Artikel 2 Wijze van meten
 
Bij toepassing van deze regels wordt als volgt gemeten:
 
2.1 de bouwhoogte van een bouwwerk:
vanaf het peil tot aan het hoogste punt van een gebouw of van een bouwwerk, geen gebouw zijnde, met uitzondering van ondergeschikte bouwonderdelen, zoals schoorstenen, antennes en naar de aard daarmee gelijk te stellen bouwonderdelen;
 
2.2 de dakhelling:
langs het dakvlak ten opzichte van het horizontale vlak;
 
2.3 de goothoogte van een bouwwerk:
vanaf het peil tot aan de bovenkant van de goot, c.q. de druiplijn, het boeibord, of een daarmee gelijk te stellen constructiedeel, met uitzondering van dakkapellen en wolfseinden;
 
2.4 de inhoud van een bouwwerk:
tussen de onderzijde van de begane grondvloer, de buitenzijde van de gevels (en/of het hart van de scheidingsmuren) en de buitenzijde van daken en dakkapellen;
 
2.5 de oppervlakte van een bouwwerk:
voor gebouwen: tussen de buitenwerkse gevelvlakken en/of hart van de scheidingsmuren en/of het overkapte gedeelte, neerwaarts geprojecteerd tot op peil;
voor bouwwerken zonder wanden of met één wand (open overkappingen of daarmee vergelijkbare bouwwerken geen gebouwen zijnde): het overdekte en/of bebouwde grondoppervlakte (gemeten loodrecht onder het dakoppervlak en/of bouwwerk);
 
2.6 uitzondering bij wijze van meten
bij toepassing van het bepaalde ten aanzien van het bouwen worden ondergeschikte bouwonderdelen, als plinten, pilasters, kozijnen, gevelversieringen, ventilatiekanalen, schoorstenen, liftschachten, gevel- en kroonlijsten, luifels, balkons en overstekende daken buiten beschouwing gelaten, mits de overschrijding van bouwgrenzen niet meer dan 1 meter bedraagt.
 
2.7 Berekening aantal parkeerplaatsen
Bij het voldoen aan de parkeernorm dient bij de navolgende parkeervoorzieningen uitgegaan te worden van het berekende aantal parkeerplaatsen conform onderstaande tabel:
 
 
2.8 Woningtype
Bij het bepalen van woningentype gelden de volgende oppervlaktematen voor het gebruiksvloeroppervlak (NEN2580):
  
  
 
2.9 Maatvoering parkeren
De ruimte voor het parkeren van auto's is afgestemd op gangbare personenauto's waaraan wordt voldaan indien de afmetingen van:
  1. bedoelde parkeerruimten ten minste 2,50 bij 5,00 meter in geval van kops parkeren en 2,00 bij 6,00 meter bij langsparkeren bedragen;
  2. een gereserveerde parkeerruimte voor een gehandicapte, voor zover die ruimte niet in de lengterichting aan een trottoir grenst – ten minste 3,50 bij 6,00 meter bedragen.
2 Bestemmingsregels
 
Artikel 3 Wonen
 
3.1 Bestemmingsomschrijving
 
De voor 'Wonen' aangewezen gronden zijn bestemd voor wonen met daaraan ondergeschikt:
  1. erven voor onder andere tuinen en parkeervoorzieningen;
  2. het uitoefenen van een aan-huis-gebonden beroep en bedrijf, met dien verstande dat maximaal 50 m2 van de oppervlakte van de bebouwing mag worden gebruikt voor een aan-huis-gebonden beroep of bedrijf;
  3. het op hobbymatige basis houden van dieren.
3.2 Bouwregels
 
Op gronden met deze bestemming zijn gebouwen en bouwwerken, geen gebouwen zijnde ten behoeve van deze bestemming toegestaan.

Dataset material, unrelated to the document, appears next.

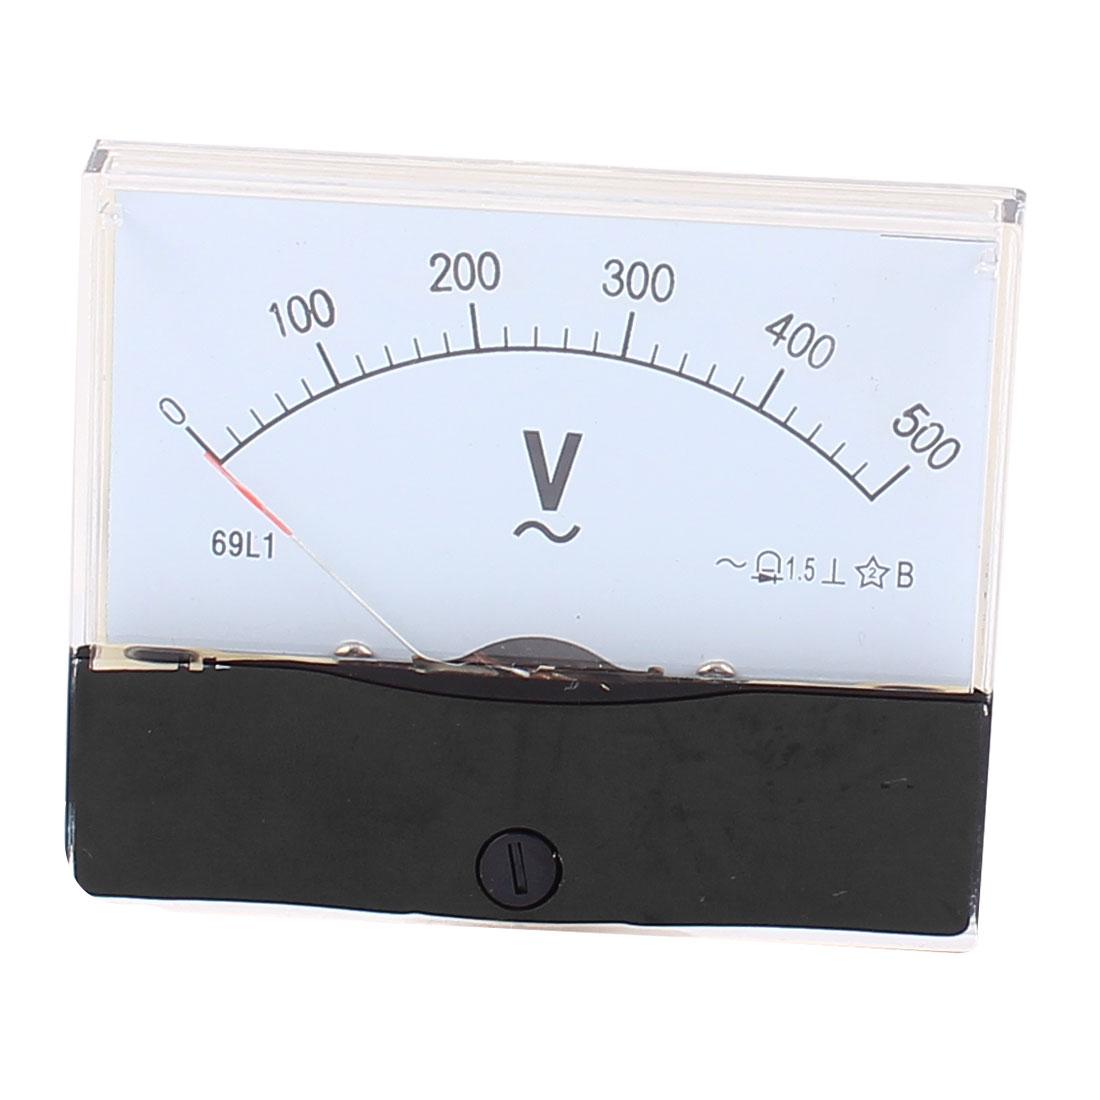 69L13 Pointer Needle AC 0-500V Volt Tester Panel Analog Voltmeter 80mm x 65mm

Daarbij geldt het volgende:
  1. voor hoofdgebouwen inclusief aan- en/of uitbouwen geldt het volgende:
    1. op de verbeelding is het maximaal aantal met symbool aangegeven;
    2. de maximale goot- en bouwhoogte mag niet meer bedragen dan respectievelijk 3 meter en 9 meter;
    3. de oppervlakte van een hoofdgebouw inclusief eventuele aan- en/of uitbouwen bedraagt 150 m2;
    4. de afstand van een hoofdgebouw inclusief eventuele aan- en/of uitbouwen tot de naar de weg gekeerde bestemmingsgrens bedraagt minimaal 12 m;
    5. aan- en/of uitbouwen moeten minimaal 3 meter achter het verlengde van de voorgevel van het hoofdgebouw worden geplaatst;
  2. voor bijgebouwen behorende bij de woningen geldt het volgende:
    1. de maximale goot- en bouwhoogte van een bijgebouw mag niet meer bedragen dan respectievelijk 3 meter en 6 meter;
    2. de gezamenlijke oppervlakte van bij de woning behorende bijgebouwen mag maximaal 75 m2 bedragen;
    3. bijgebouwen moeten minimaal 3 meter achter het verlengde van de voorgevel van het hoofdgebouw worden geplaatst;
  3. voor bouwwerken, geen gebouwen zijnde geldt het volgende:
    1. de maximale bouwhoogte van bouwwerken, geen gebouwen zijnde is in onderstaande tabel vermeld:
  
 
  1. de oppervlakte van het zwembad mag per woning maximaal 75 m2 bedragen;
  2. de totale oppervlakte aan overkappingen mag per woning maximaal 30 m2 bedragen;
  3. overkappingen moeten minimaal 3 meter achter het verlengde van de voorgevel van het hoofdgebouw worden geplaatst;
  4. de bouwhoogte van overige bouwwerken, geen gebouwen zijnde mag maximaal 2 m bedragen met dien verstande dat de bouwhoogte van overige bouwwerken voor de voorgevellijn niet hoger mag zijn dan maximaal 1 meter.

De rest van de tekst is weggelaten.